A registration statement on Form F-1 relating to the Offering was filed with the U.S. Securities and Exchange Commission (“SEC”) (File Number: 333-263290) and was declared effective by the SEC on May 16, 2022. The Offering is being made only by means of a prospectus, forming a part of the registration statement. Copies of the prospectus relating to the Offering may be obtained from Joseph Stone Capital, LLC, by email at ccao@josephstonecapital.com, by calling +1 516.267.7001, or by standard mail to Joseph Stone Capital, LLC 29 Broadway #1800, New York, NY 10006. In addition, copies of the prospectus relating to the Offering may be obtained via the SEC’s website at www.sec.gov.
Before you invest, you should read the prospectus and other documents the Company has filed or will file with the SEC for more information about the Company and the Offering. This press release does not constitute an offer to sell, or the solicitation of an offer to buy any of the Company’s securities, nor shall there be any offer, solicitation or sale of any of the Company’s securities in any state or jurisdiction in which such offer, solicitation or sale would be unlawful prior to registration or qualification under the securities laws of such state or jurisdiction.
About Visionary Education Technology Holdings Group Inc.
Visionary Education Technology Holdings Group Inc., headquartered in Markham, Canada, is a private education provider located in Canada that offers high-quality education resources to students around the globe. The Company aims to provide access to secondary, college, undergraduate and graduate and vocational education to students in Canada through technological innovation so that more people can learn, grow and succeed to their full potential. As a fully integrated provider of educational programs and services in Canada, the Company has been serving and will continue to serve both Canadian and international students. For more information, visit the Company’s website at https://ir.visiongroupca.com.
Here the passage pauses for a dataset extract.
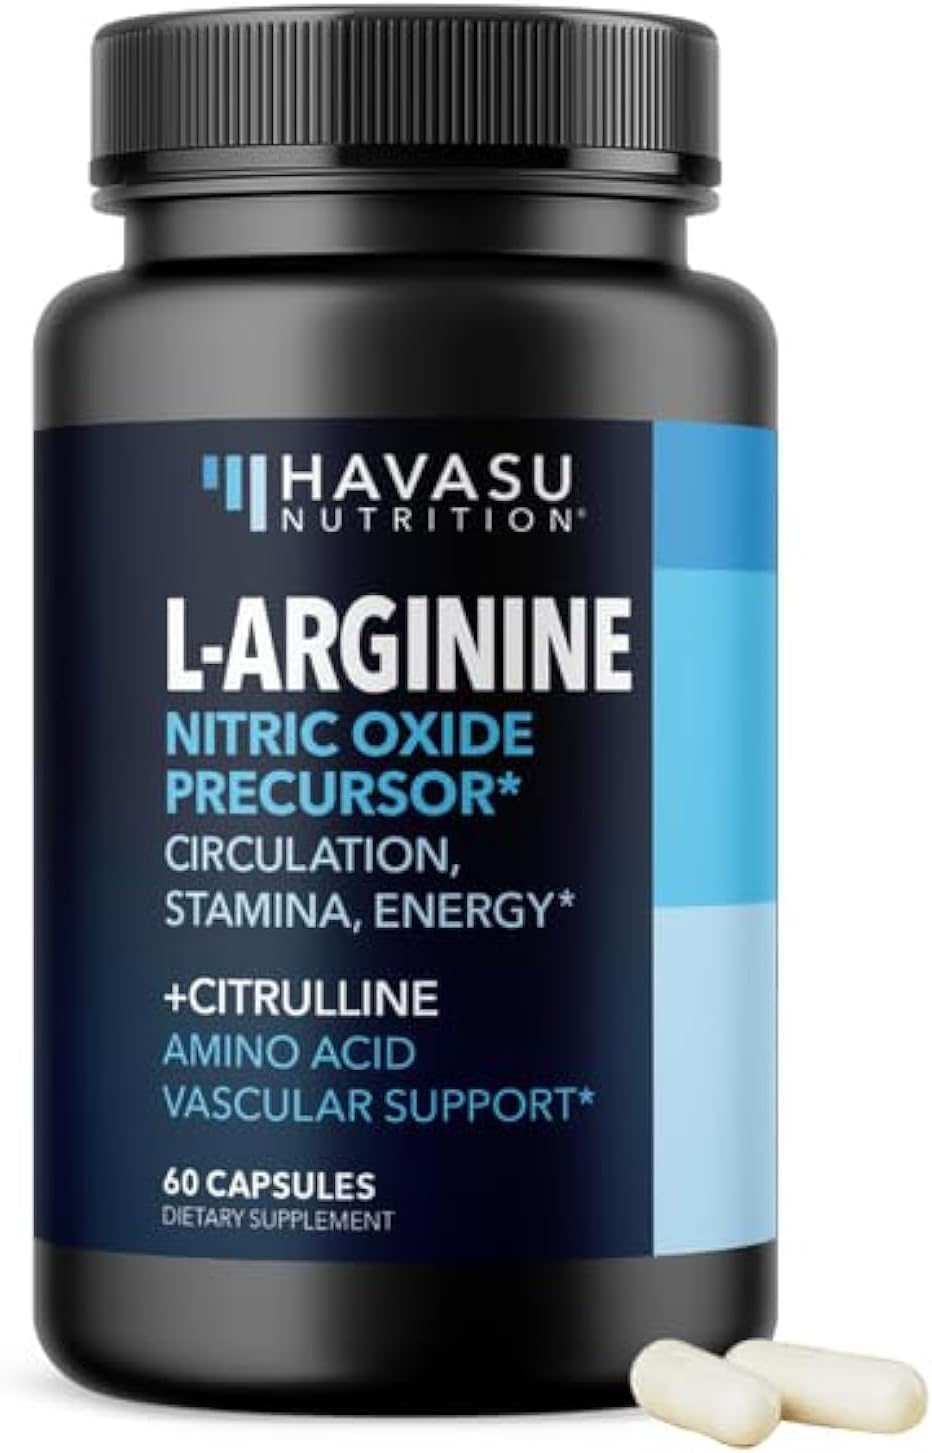 Extra Strength L-Arginine 1200mg Nitric Oxide Booster for Muscle Growth, Libido, Vascularity & E
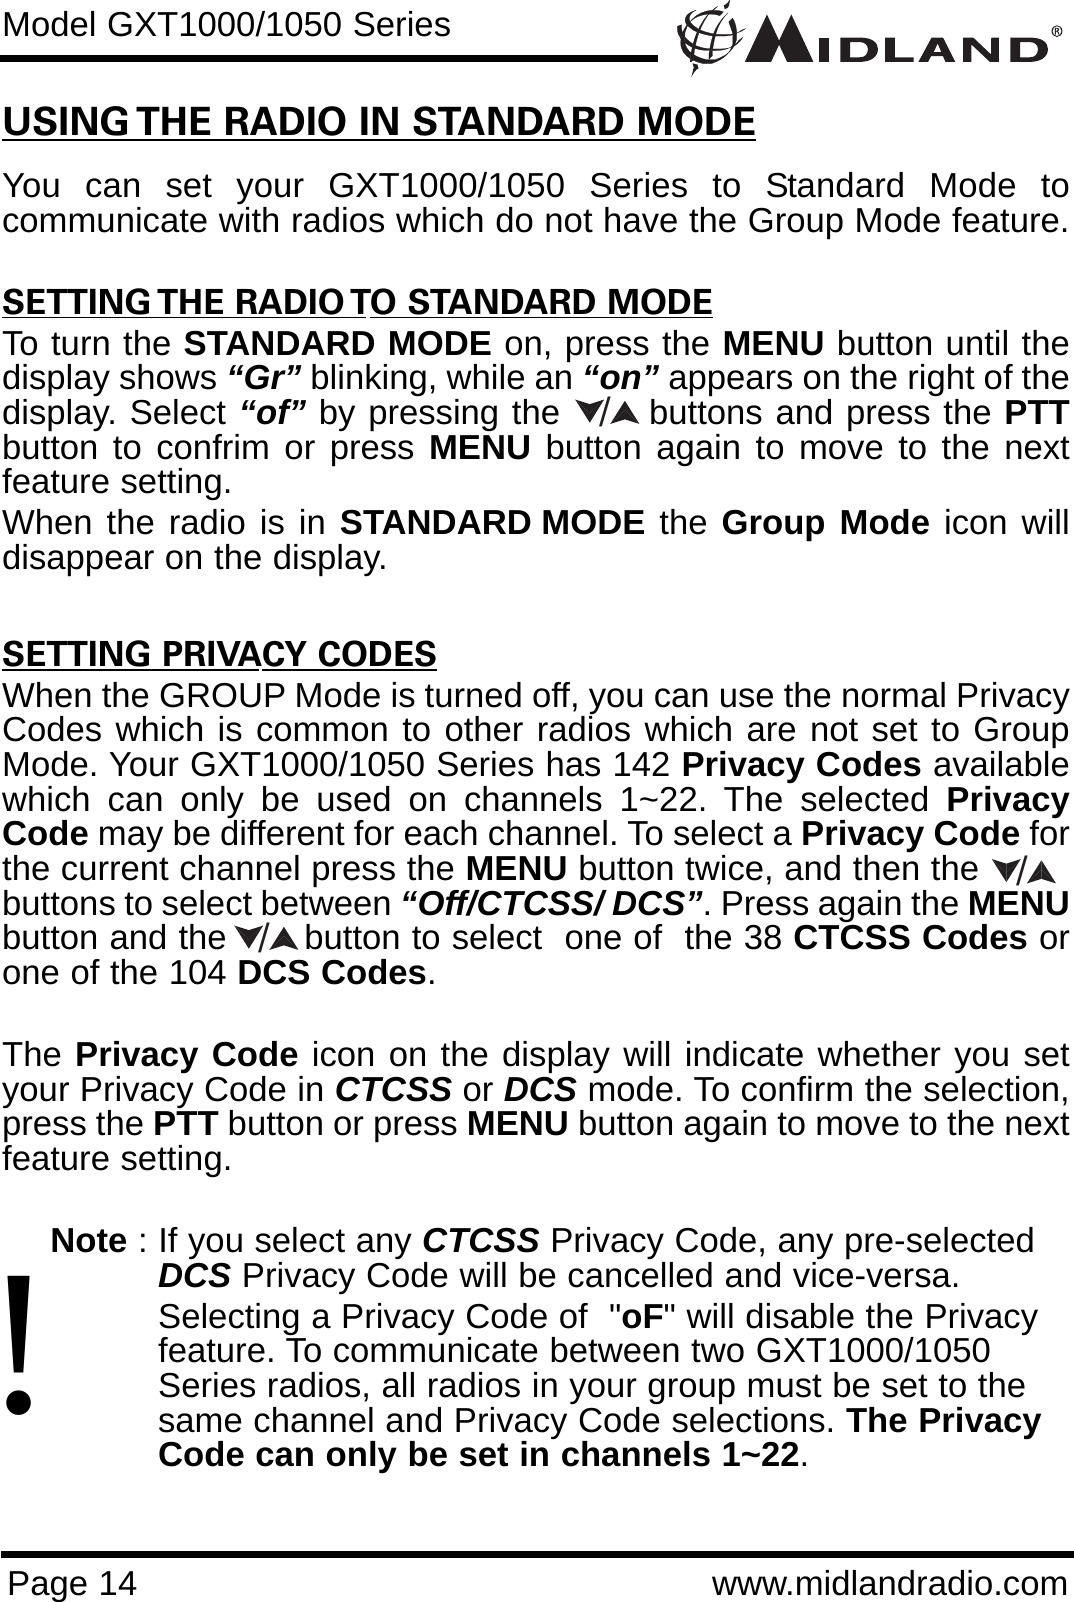 Page 14 www.midlandradio.comModel GXT1000/1050 SeriesUSING THE RADIO IN STANDARD MODEYou can set your GXT1000/1050 Series to Standard Mode tocommunicate with radios which do not have the Group Mode feature. SETTING THE RADIO TO STANDARD MODETo turn the STANDARD MODE on, press the MENU button until thedisplay shows “Gr” blinking, while an “on” appears on the right of thedisplay. Select “of” by pressing the       buttons and press the PTTbutton to confrim or press MENU button again to move to the nextfeature setting. When the radio is in STANDARD MODE the Group Mode icon willdisappear on the display.SETTING PRIVACY CODESWhen the GROUP Mode is turned off, you can use the normal PrivacyCodes which is common to other radios which are not set to GroupMode. Your GXT1000/1050 Series has 142 Privacy Codes availablewhich can only be used on channels 1~22. The selected PrivacyCode may be different for each channel. To select a Privacy Code forthe current channel press the MENU button twice, and then the        buttons to select between “Off/CTCSS/ DCS”. Press again the MENUbutton and the       button to select  one of  the 38 CTCSS Codes orone of the 104 DCS Codes. The Privacy Code icon on the display will indicate whether you setyour Privacy Code in CTCSS or DCS mode. To confirm the selection,press the PTT button or press MENU button again to move to the nextfeature setting.Note : If you select any CTCSS Privacy Code, any pre-selected DCS Privacy Code will be cancelled and vice-versa.Selecting a Privacy Code of  &quot;oF&quot; will disable the Privacy feature. To communicate between two GXT1000/1050 Series radios, all radios in your group must be set to the same channel and Privacy Code selections. The Privacy Code can only be set in channels 1~22.///!

Forward-Looking Statements
All statements other than statements of historical fact in this announcement are forward-looking statements, including but not limited to, the Company’s proposed Offering. These forward-looking statements involve known and unknown risks and uncertainties and are based on the Company’s current expectations and projections about future events that the Company believes may affect its financial condition, results of operations, business strategy and financial needs, including the expectation that the Offering will be successfully completed. Investors can identify these forward-looking statements by words or phrases such as “believes,” “expects,” “anticipates,” “estimates,” “intends,” “would,” “continue,” “should,” “may,” or similar expressions. The Company undertakes no obligation to update or revise publicly any forward-looking statements to reflect subsequent occurring events or circumstances, or changes in its expectations, except as may be required by law. Although the Company believes that the expectations expressed in these forward-looking statements are reasonable, it cannot assure you that such expectations will turn out to be correct, and the Company cautions investors that actual results may differ materially from the anticipated results and encourages investors to review other factors that may affect its future results in the Company’s registration statement and in its other filings with the SEC.